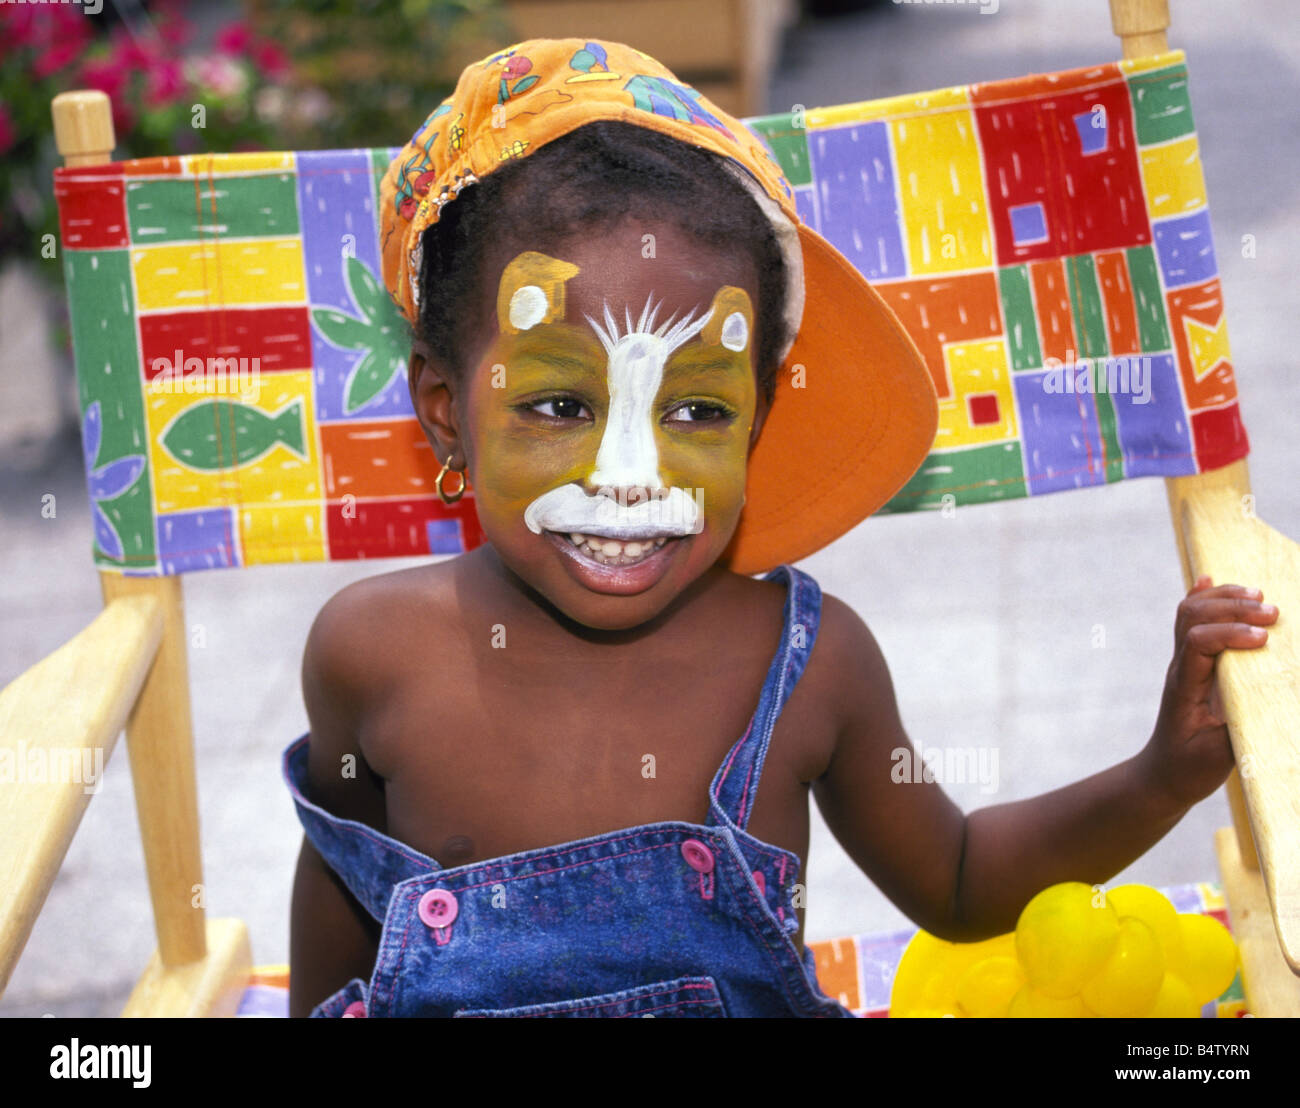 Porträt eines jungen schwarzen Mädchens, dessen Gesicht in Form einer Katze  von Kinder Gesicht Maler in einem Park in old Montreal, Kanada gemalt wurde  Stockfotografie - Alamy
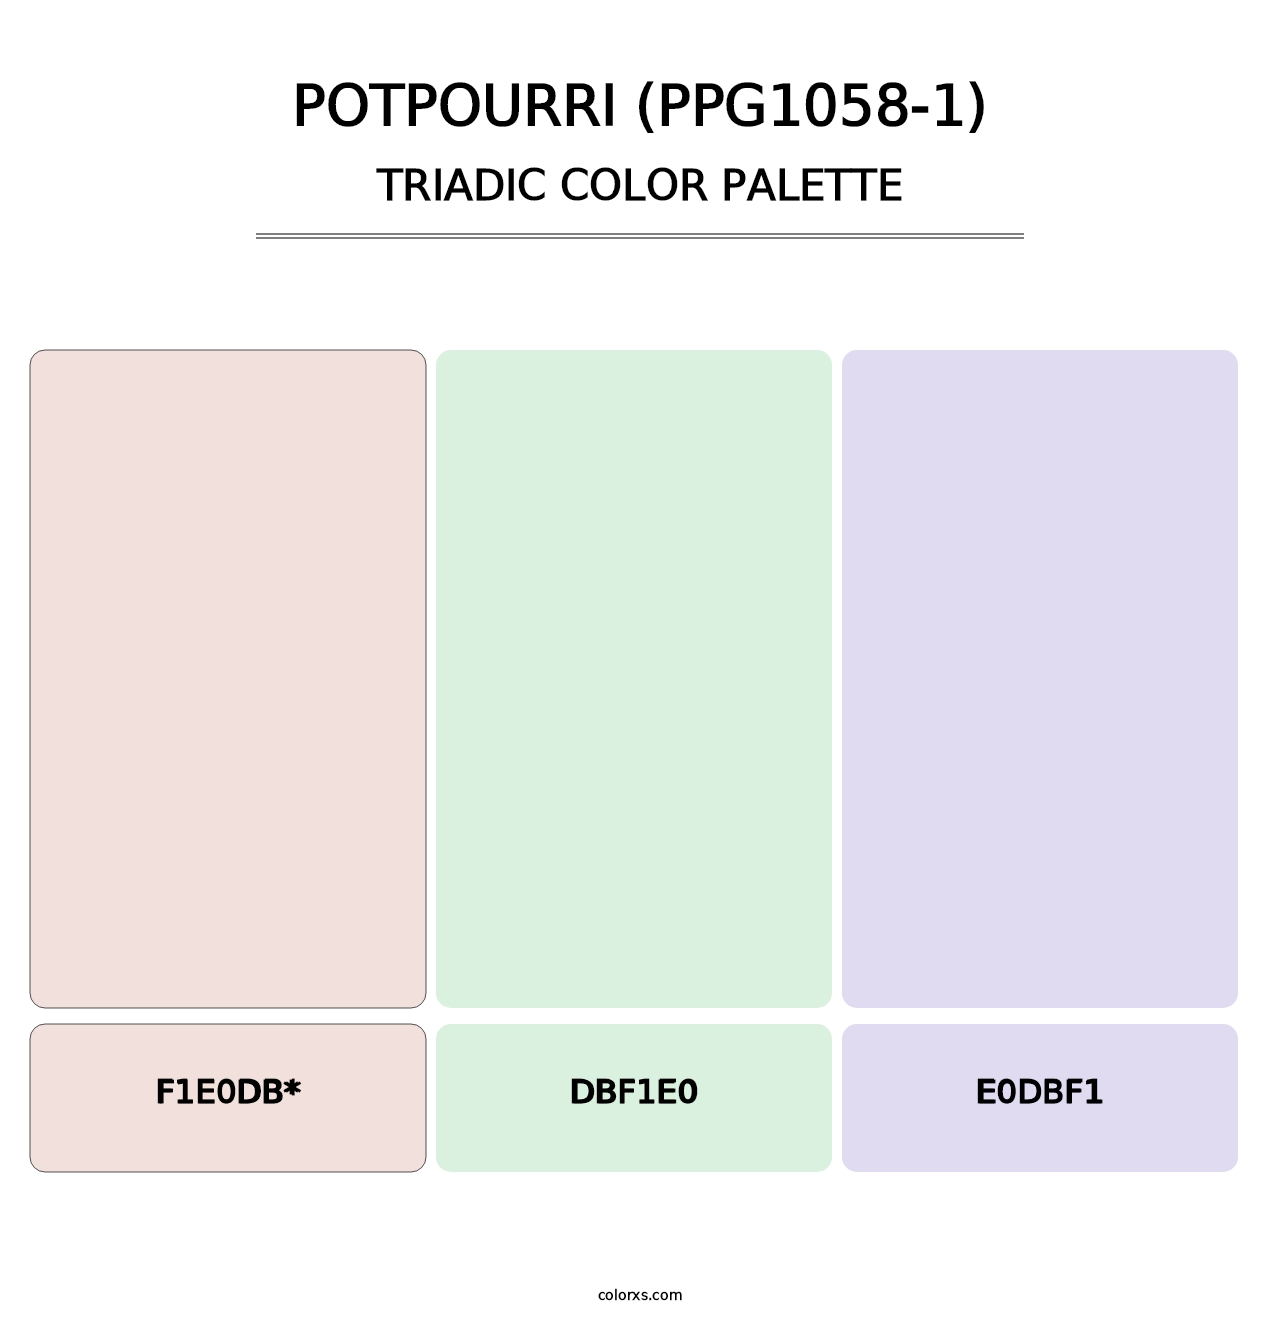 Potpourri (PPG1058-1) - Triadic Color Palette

---

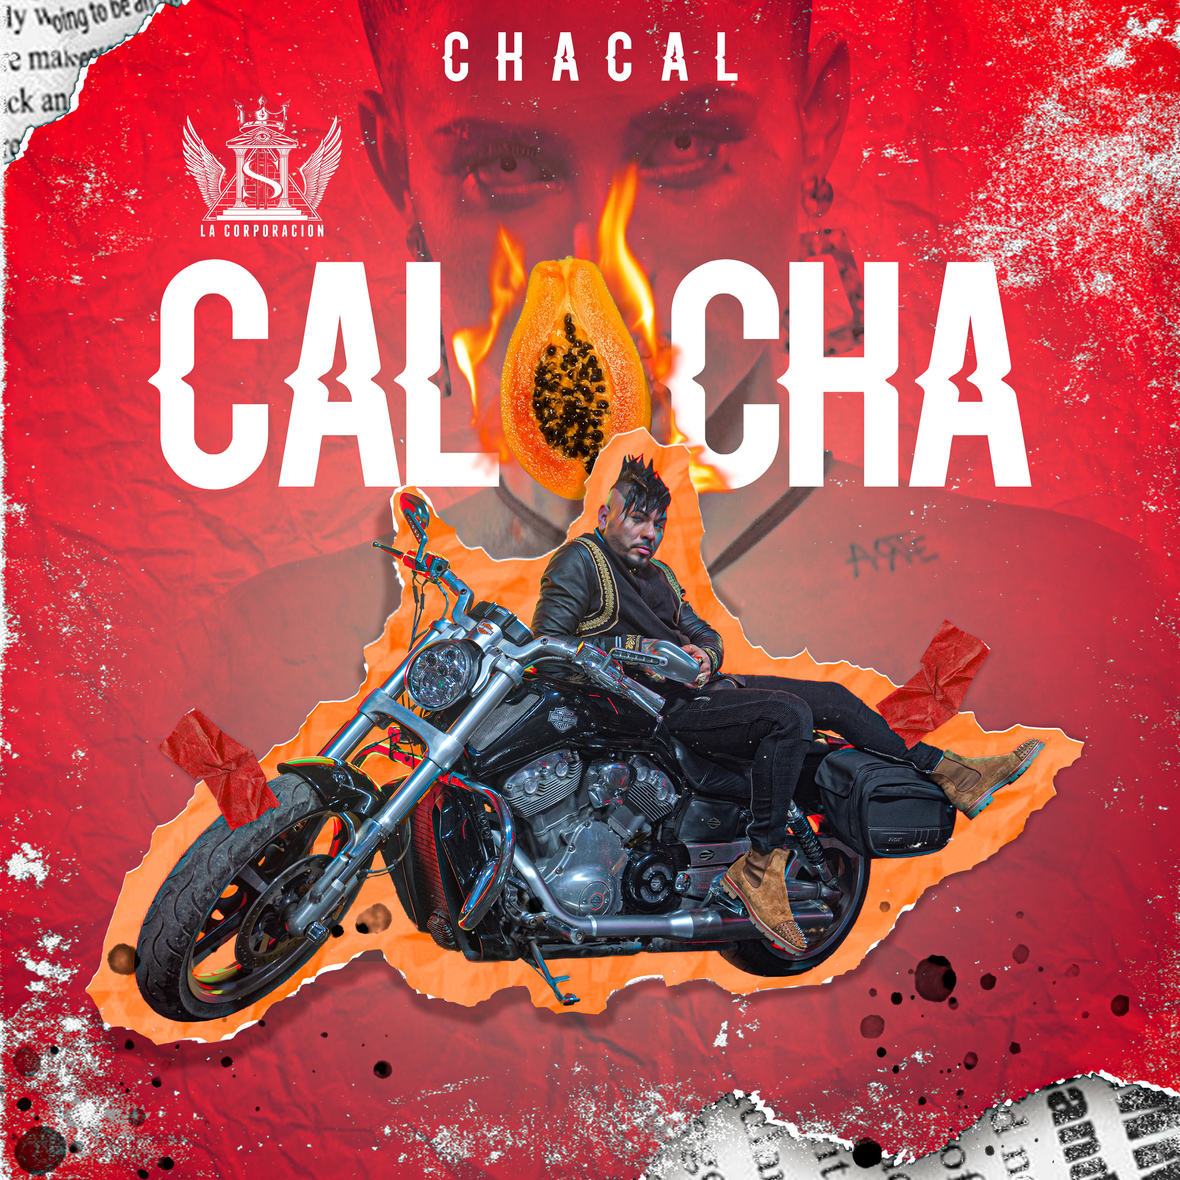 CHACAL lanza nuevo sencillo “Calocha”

---

Within the material above, find the part that opens with the line containing "Porträt eines jungen" and closes with the line containing "Potpourri (PPG1058-1) - Triadic", and reproduce it exactly without the pictures.

 Porträt eines jungen schwarzen Mädchens, dessen Gesicht in Form einer Katze  von Kinder Gesicht Maler in einem Park in old Montreal, Kanada gemalt wurde  Stockfotografie - Alamy
 Potpourri (PPG1058-1) - Triadic Color Palette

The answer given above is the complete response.